Page Rule SettingModern ReplacementWhere to Configure
Cache Level: Cache EverythingCache Rule → Eligible for cacheCaching → Cache Rules
Cache Level: BypassCache Rule → Bypass cacheCaching → Cache Rules
Edge Cache TTLCache Rule → Edge TTLCaching → Cache Rules
Browser Cache TTLCache Rule → Browser TTLCaching → Cache Rules
Bypass Cache on CookieCache Rule + condition: Cookie containsCaching → Cache Rules
Always Use HTTPSRedirect Rule (HTTP→HTTPS)Rules → Redirect Rules
Security Level overrideConfiguration RuleRules → Configuration Rules
Rocket Loader / Minify overrideConfiguration RuleRules → Configuration Rules
SSL overrideConfiguration RuleRules → Configuration Rules
Forwarding URL (301/302)Redirect RuleRules → Redirect Rules

Migration Checklist

□ 1. List all current Page Rules (Cloudflare → Rules → Page Rules)
□ 2. Categorise each rule by type:
- Cache-related → Cache Rules
- Redirects → Redirect Rules
- Security/SSL → Configuration Rules
- Performance → Configuration Rules
□ 3. Create the equivalent modern rules in the correct section
□ 4. Test each URL pattern to confirm behaviour is identical
□ 5. Disable the Page Rule (don't delete yet)
□ 6. Monitor for 24–48 hours
□ 7. Delete the Page Rule once confident

Example Migration: Cache Everything for Blog

Before (Page Rule):

URL: example.com/blog/*
Settings: Cache Level = Cache Everything, Edge Cache TTL = 1 day

After (Cache Rule):

When: URI Path starts with /blog
Then:
• Cache eligibility: Eligible for cache
• Edge TTL: Override to 86400 seconds (1 day)

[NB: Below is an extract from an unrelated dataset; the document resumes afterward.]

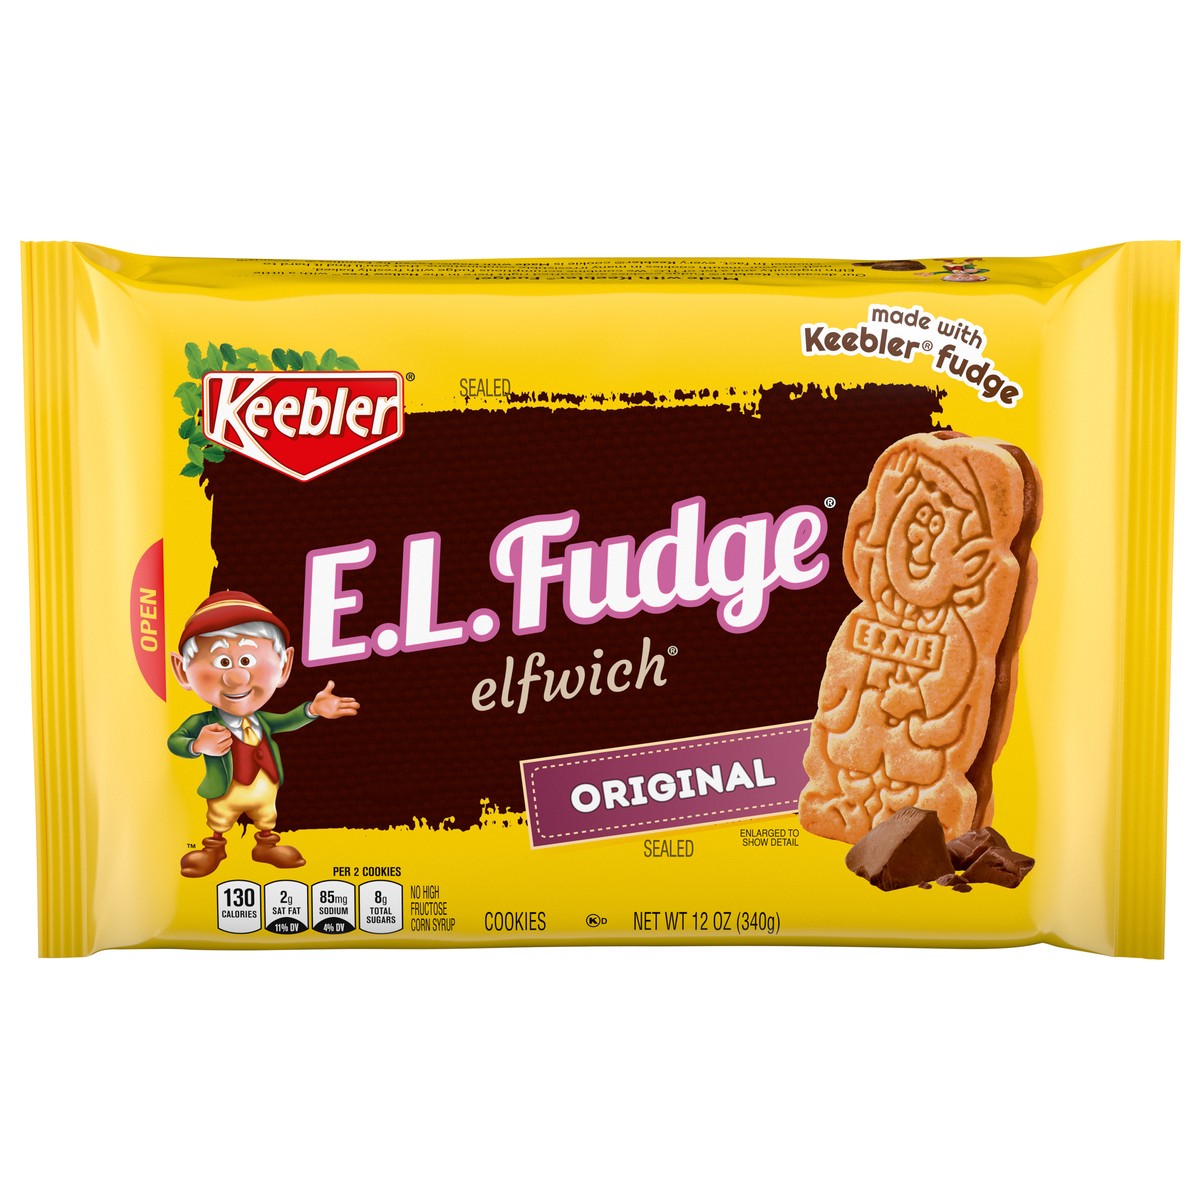 slide 1 of 11, Keebler E.L.Fudge Elfwich Cookies, Original, 13.6 oz
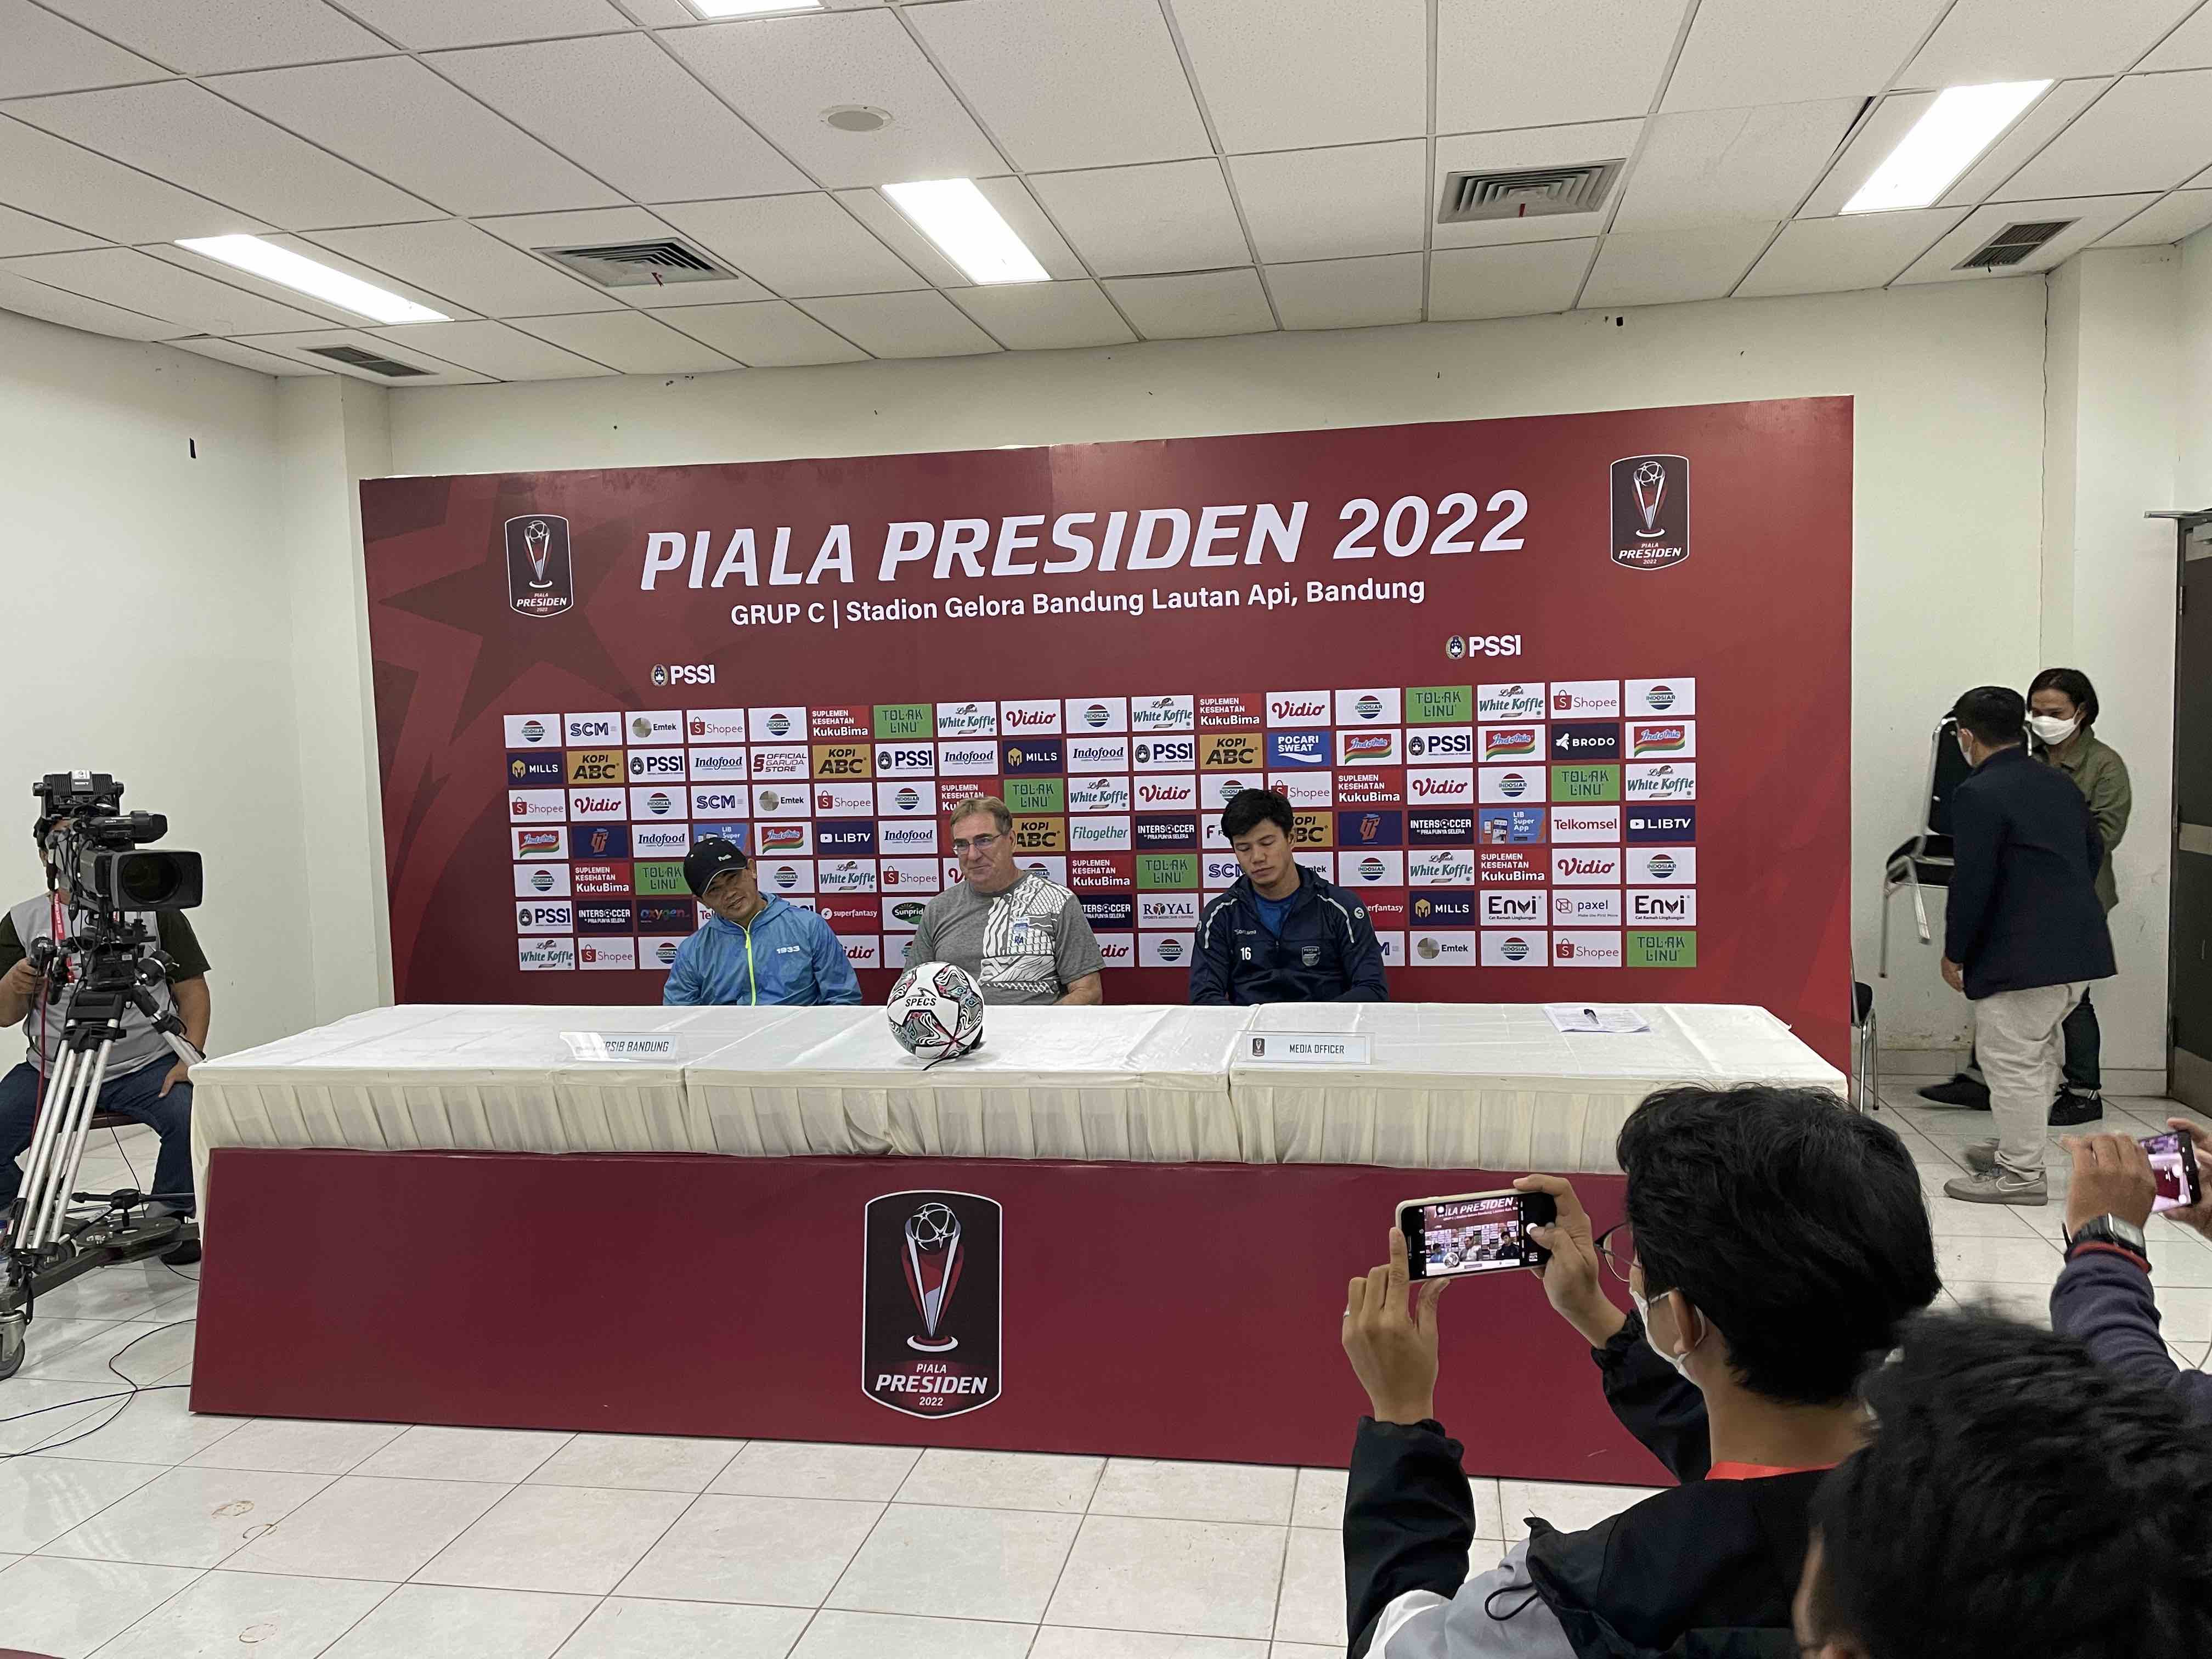 Piala Presiden 2022: Robert Rene Alberts Akui Laga Persib Bandung vs Bali United seperti Final Kompetisi Eropa

Advantages of the Cache Rule:

  • Uses the visual expression builder (no glob syntax to remember)
  • Can combine with AND/OR conditions (e.g., only cache if NOT logged in)
  • Doesn't consume one of your 3 precious free Page Rules

Page Rules Execution Order

Page Rules run in priority order — the rule with the lowest position number (displayed in the dashboard) executes first. If a Page Rule matches, Cloudflare continues checking other rules for additional settings, unlike Cache Rules which stop at the first match.

This means two Page Rules for the same URL can both apply, which can create unexpected interactions. Modern rules (Cache Rules, Redirect Rules, etc.) are more explicit about this.

When Page Rules Are Still Acceptable

Despite the migration recommendation, Page Rules remain acceptable when:

  1. You're on Free plan and only have 1–2 cache overrides to set — Page Rules and Cache Rules consume from different quotas. You have 3 Page Rules AND 10 Cache Rules on the free plan. Using a Page Rule for simple cache overrides doesn't "cost" any of your 10 Cache Rule slots.
  2. You need multiple unrelated settings for one URL in one rule — A Page Rule can set Cache Level, Security Level, and Browser TTL in a single rule. Modern rules require one rule per category.
  3. You have existing Page Rules that work correctly — There is no urgency to migrate rules that are functioning well.

Common Misconceptions

"Page Rules are being removed"

Reality: Cloudflare has stated Page Rules will not be removed. They are in maintenance mode — no new features — but all existing rules will continue working indefinitely.

"I can only apply one setting per Page Rule"

Reality: A single Page Rule can apply multiple settings simultaneously — e.g., Cache Everything + Browser TTL + Security Level all from one rule. This is actually one advantage Page Rules have over the individual modern rule types.

"Page Rules run before Cache Rules"

Reality: The Ruleset Engine processes rules in a specific order. Cache Rules currently run before Page Rules in the execution pipeline. If both match, Cache Rules take precedence for cache settings.

Key Takeaways

  • Page Rules are the legacy per-URL configuration system — powerful but limited to 3 on the free plan.
  • They use glob syntax (* as wildcard) to match URL patterns.
  • A single rule can apply multiple, different settings simultaneously.
  • Cache Level: Cache Everything is the core Page Rule cache setting — equivalent to "Eligible for cache" in Cache Rules.
  • Migrate to modern rules (Cache Rules, Redirect Rules, Configuration Rules) for new work — they have higher free-tier limits and more powerful conditions.
  • Page Rules are not being removed — migration is recommended, not required.